По вестибюлю шли мимо огромного, написанного во весь рост портрета Сталина. Чернов кивнул на него:

– Папа завалился: слава те, Господи!…

Интересно, что примерно так же отмечал факт смерти Сталина мой старший брат Федор. Он приехал ко мне в Москву как раз в день смерти Сталина. Кивнув на радиоприемник, из которого лилась траурная мелодия, сказал:

– Наверное, дружки помогли ему. Палачи проклятые.

Так он отзывался о членах политбюро.

И продолжал:

– Там все больше люди восточные: Берия, Каганович, Микоян… Народ жестокий, коварный: мать родную не пощадят, если на пути к власти встанет.

Я разговор не поддержал, посоветовал ему не распространяться на эту тему. Брат мой Сталина не любил. Я не однажды приезжал к нему в гости в Днепродзержинск. На встречу со мной собиралась вся его бригада электрослесарей, – и они дружно не любили Сталина. И это после Победы в 1945 году, которую газеты приписывали "полководцу всех времен и народов" генералиссимусу Сталину.

Укладываясь спать, я сказал Чернову:

– К Сталину вы относитесь без особого уважения.
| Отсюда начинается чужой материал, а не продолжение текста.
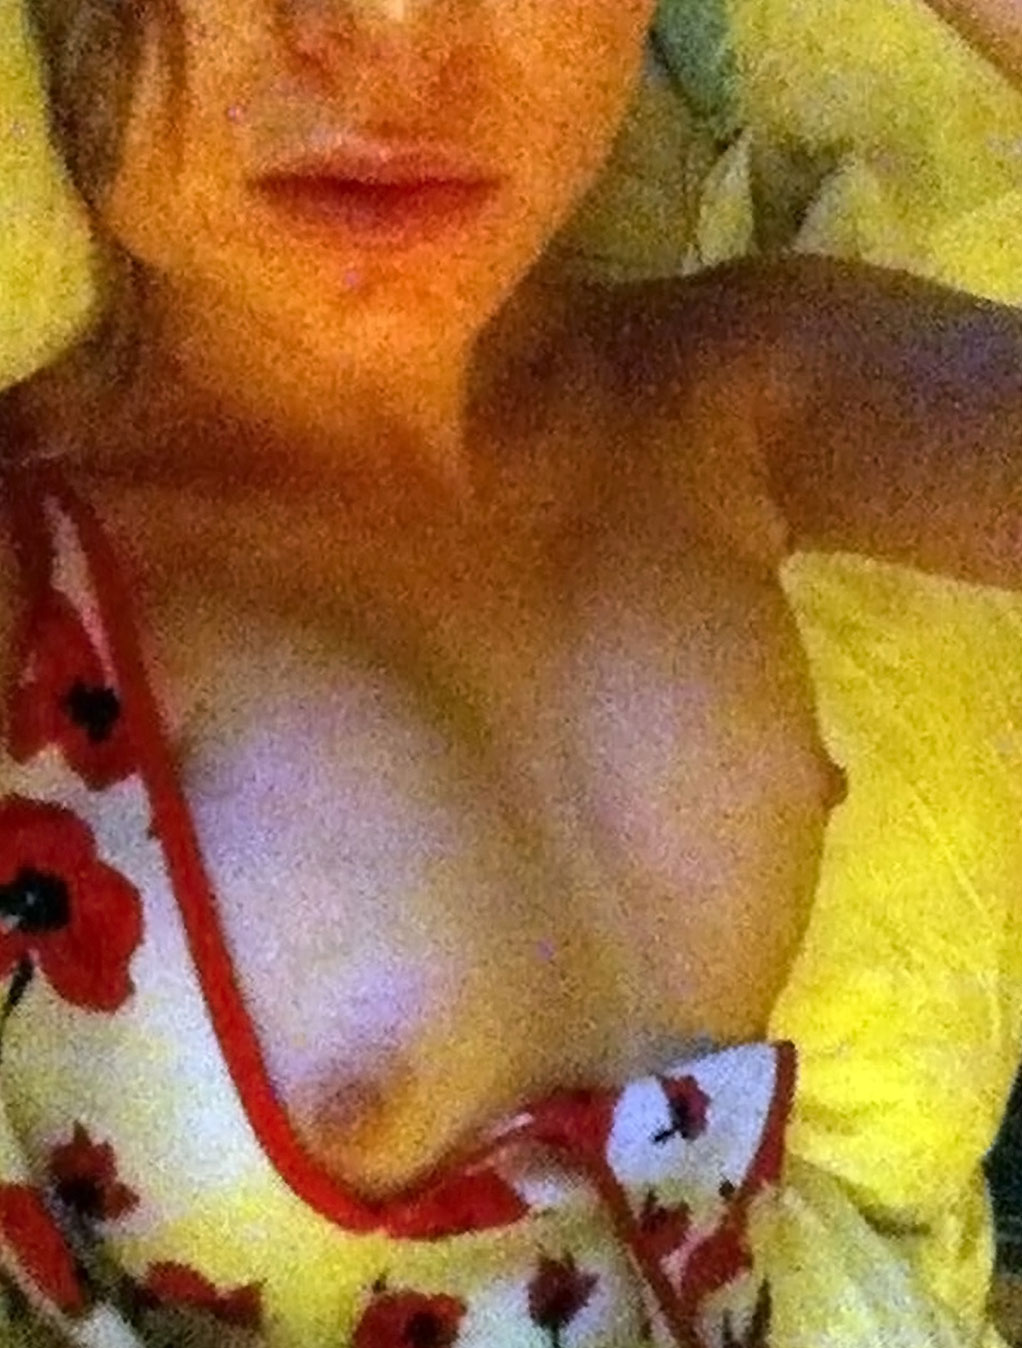 Brie Larson Nude LEAKED Pics.

– А за что уважать? – вскинулся на койке Чернов. – Он Гитлера боялся, старался умиротворить зверя, уверял его в своем миролюбии. И для этого даже оборонительную линию по всей западной границе приказал разобрать. Перед началом войны командиров посылали в отпуск. Не верил донесениям разведчиков, называл их паникерами. Ты был в авиации – знаешь, как за день-два перед войной вы моторы с самолетов по приказу из Москвы снимали. Было такое? Скажи – было?…

– Да, было. Я и сам снимал двигатели с тяжелого бомбардировщика ТБ-3. Признаться, до сих пор не понимаю, зачем мы это делали.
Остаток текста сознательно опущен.